# Verschiedene Javascripte werden nicht geladen.



## ray2mi (6. März 2010)

Hallo,
habe da ein Problem.

Ich baue eine Webseite mit horizontal scrollbaren Content Slider. Da gibts verschiedene Scripte, ich habe eins eingebunden.
Das Script wird ganz einfach im Head der html Datei geladen.

Man kann zwischen verschiedenen Inhalten dann per Buttonclick nach rechts oder Links scrollen.

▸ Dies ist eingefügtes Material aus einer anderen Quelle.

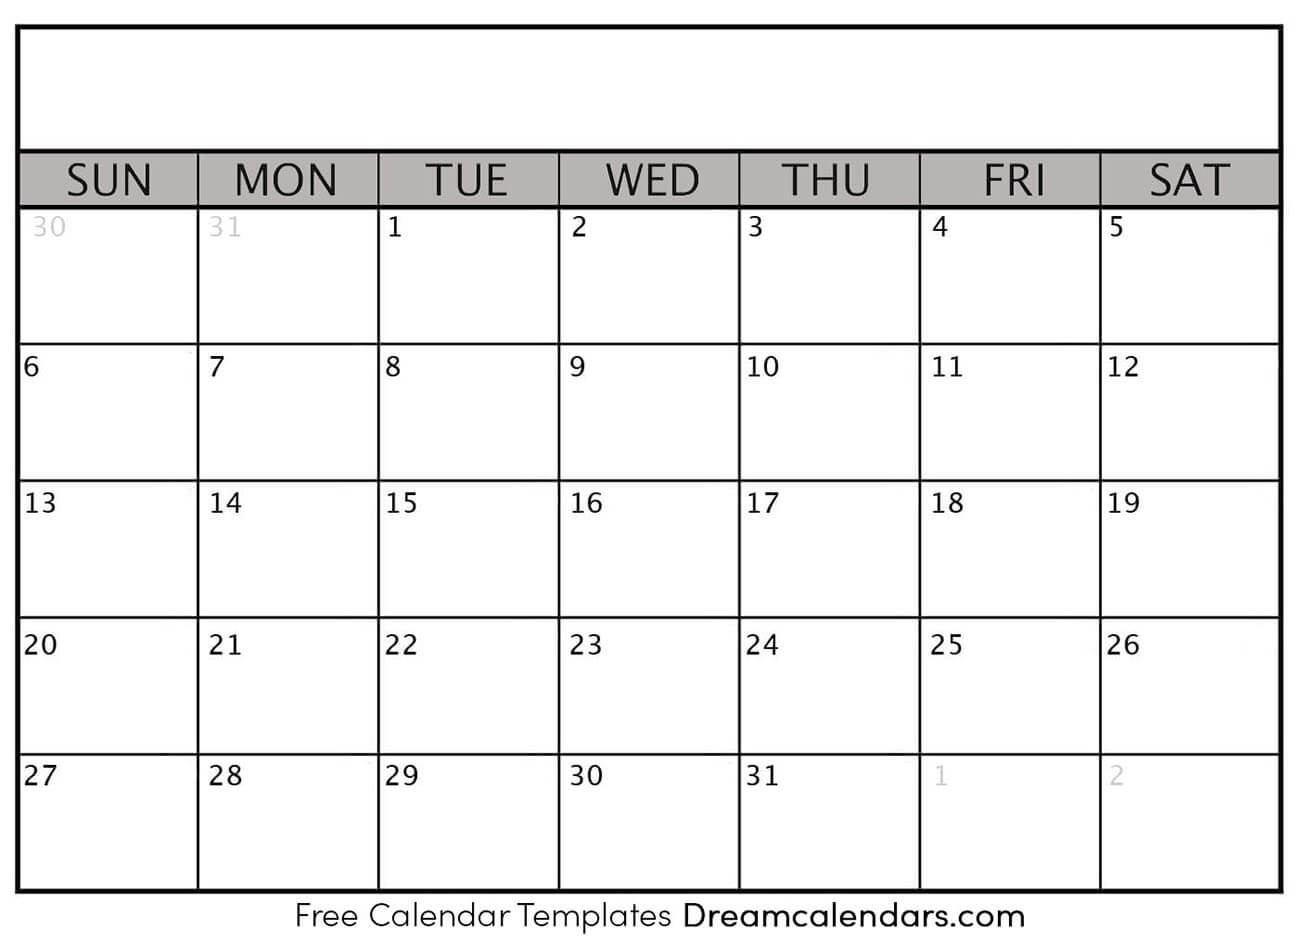 Printable Blank Calendar 2020 | Dream Calendars  Blank Calendar 2020

Nun habe ich aber in den verschiedenen Inhaltsbereichen auch Bilder, welcher mit einem Lightbox Script versehen sind. Also, das die Bilder per Mausclick größer gezoomt werden und sich der Hintergrund verdunkelt etc.

Dieses Script habe ich auch im Head der HTML geladen.


Es t aber nicht. Wenn man auf das Bild klickt, dann erscheint das Bild alleine in dem selben Fenster.

Es muss doch irgendwie gehen, dass man horizontal den Content Sliden kann und wenn ein Bild kommt, das ebenfalls dieses Lightbox script ausgeführt wird.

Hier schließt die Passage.